MACLEAN, J.:—This is an appeal from an assessment made against the appellant, surviving trustee of the estate of John Curry, deceased, for the year 1921 under the provisions of The Income War Tax Act, 1917.

John Curry, of Windsor, Ontario, died in 1912, and by his last will and testament devised and bequeathed all his real and personal property wherever situate, to three trustees, to sell and convert into money, and after the payment of his debts, funeral and testamentary expenses, and various pecuniary legacies, directed that the residue of his estate and all the income arising therefrom be accumulated for a period of twenty-one years from the date of his death, and out of such income he directed that certain annuities be paid to his three children, Charles Francis Curry, Verene May McLeod and Gladys A. Curry, during the said period, and at the expiration of such period that such accumulated trust fund be equally divided amongst his three children, and in the event of the death of any of them during such period, the share of the one so dying be distributed among his grandchildren, if any, at the time of the division of the estate, and as the trustees should think best.

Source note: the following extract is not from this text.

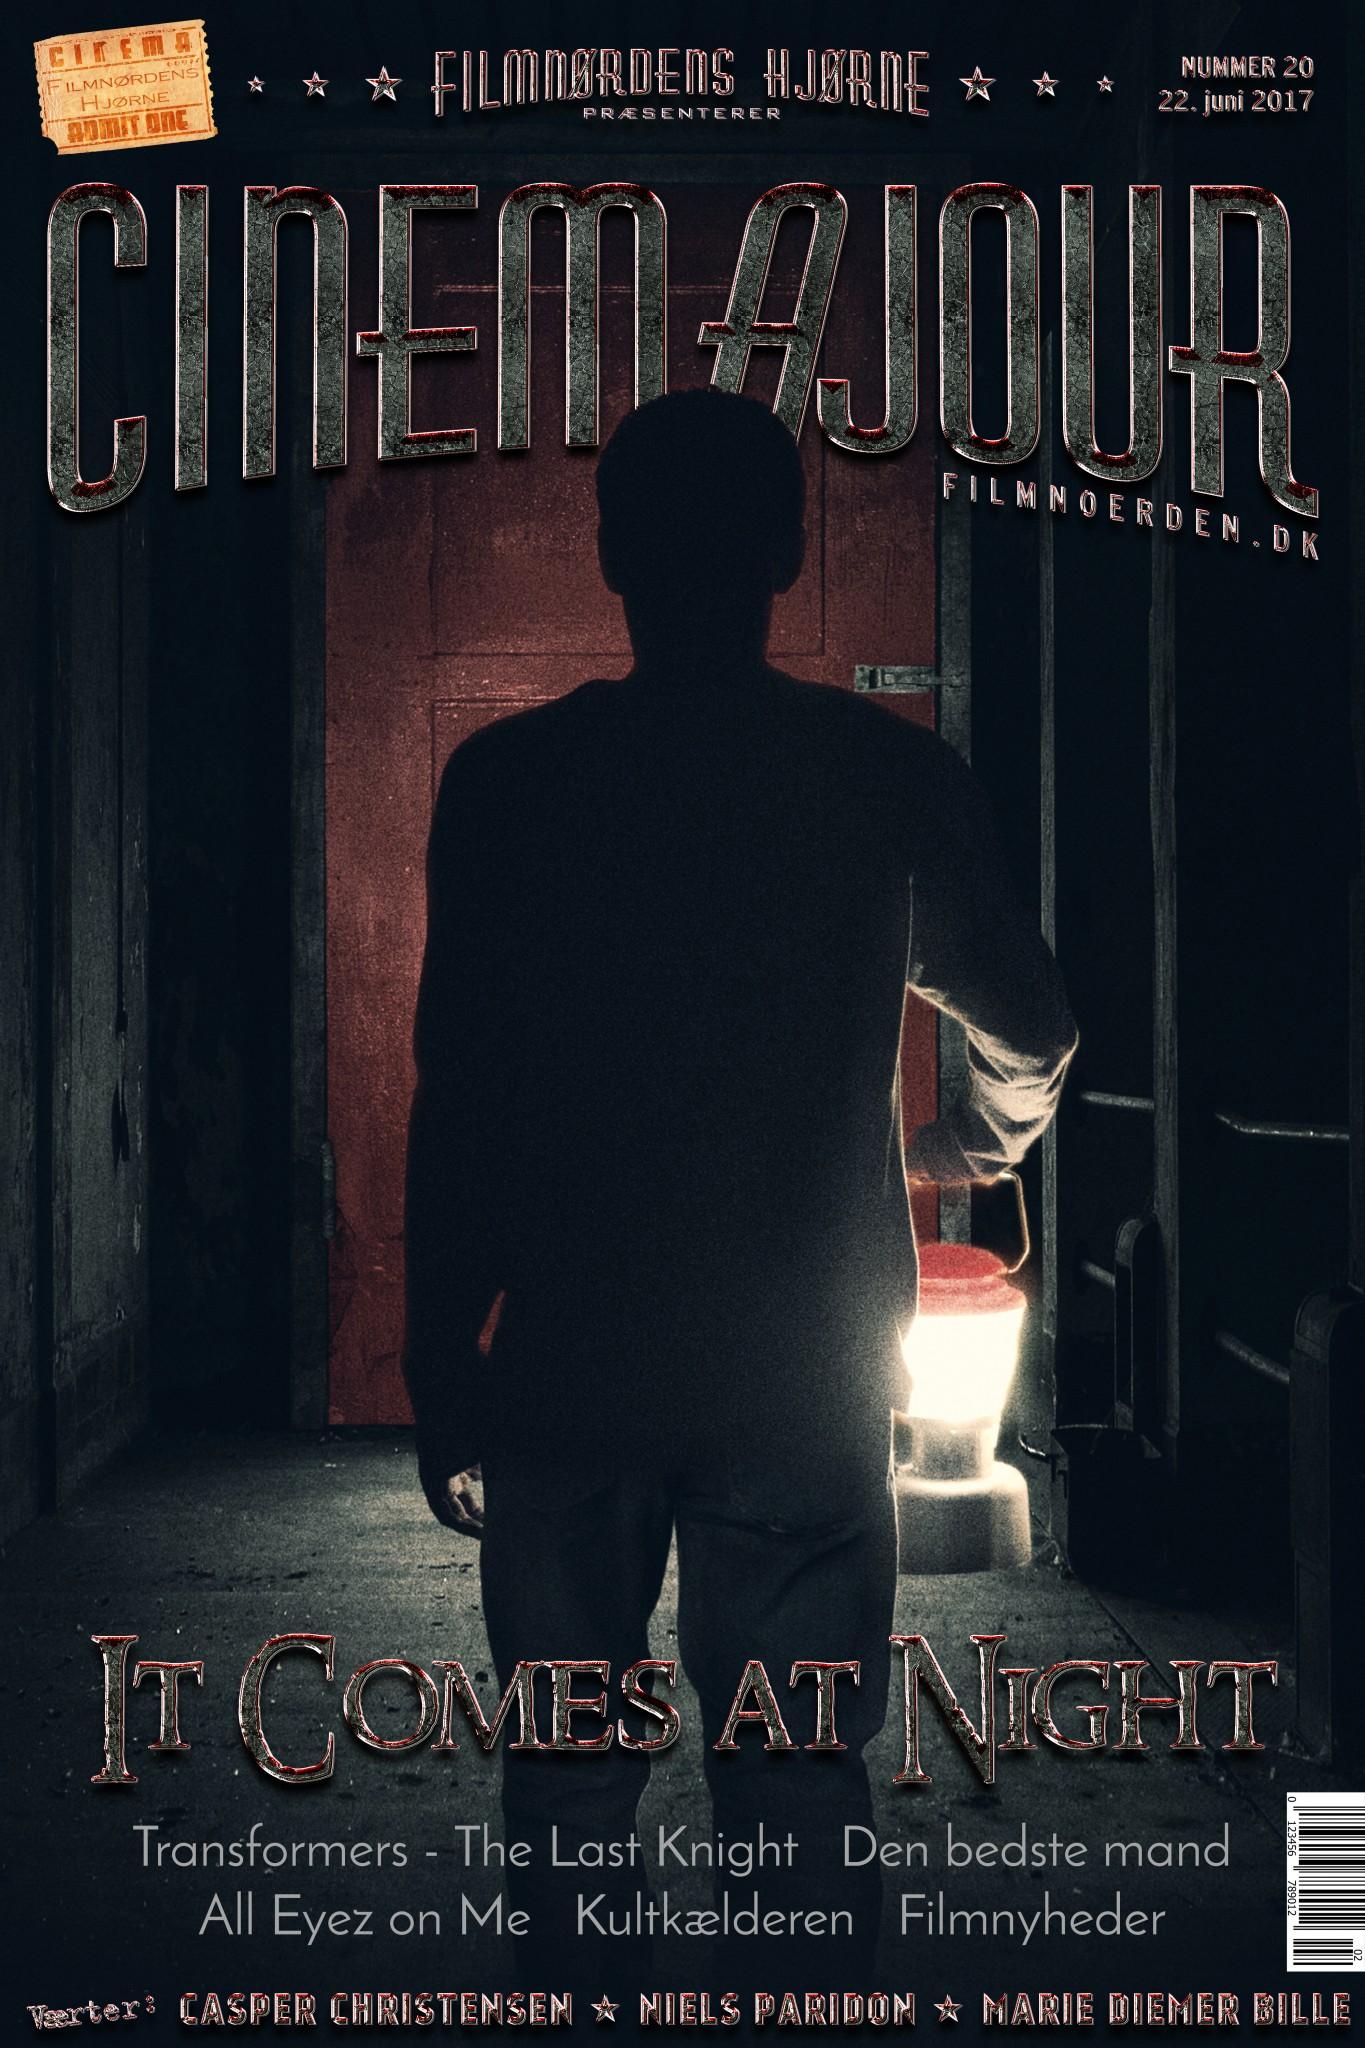 Cinemajour ep. 20

The testator’s widow died in October, 1912, and his son Charles Francis Curry died in March, 1920, leaving him surviving as his only heirs and next of kin, his widow, and his two sisters, Verene May McLeod and Gladys A. Curry. The latter Gladys A. Curry is now a resident of the United States, living in the city of New York since 1915, and is still unmarried. Verene May McLeod has three children, namely: John C. McLeod, Frances V. McLeod and Gladys E. McLeod, all infants under the age of twenty-one years, who will be entitled to the one-third share of the deceased’s estate, which fell into the residuary trust fund on the death of the testator’s son Charles Francis Curry, and at the time of the division of the estate, and in the event of no other grandchildren being born during the accumulation period, will be entitled to receive the whole of the one-third share in such proportions as the trustees may decide.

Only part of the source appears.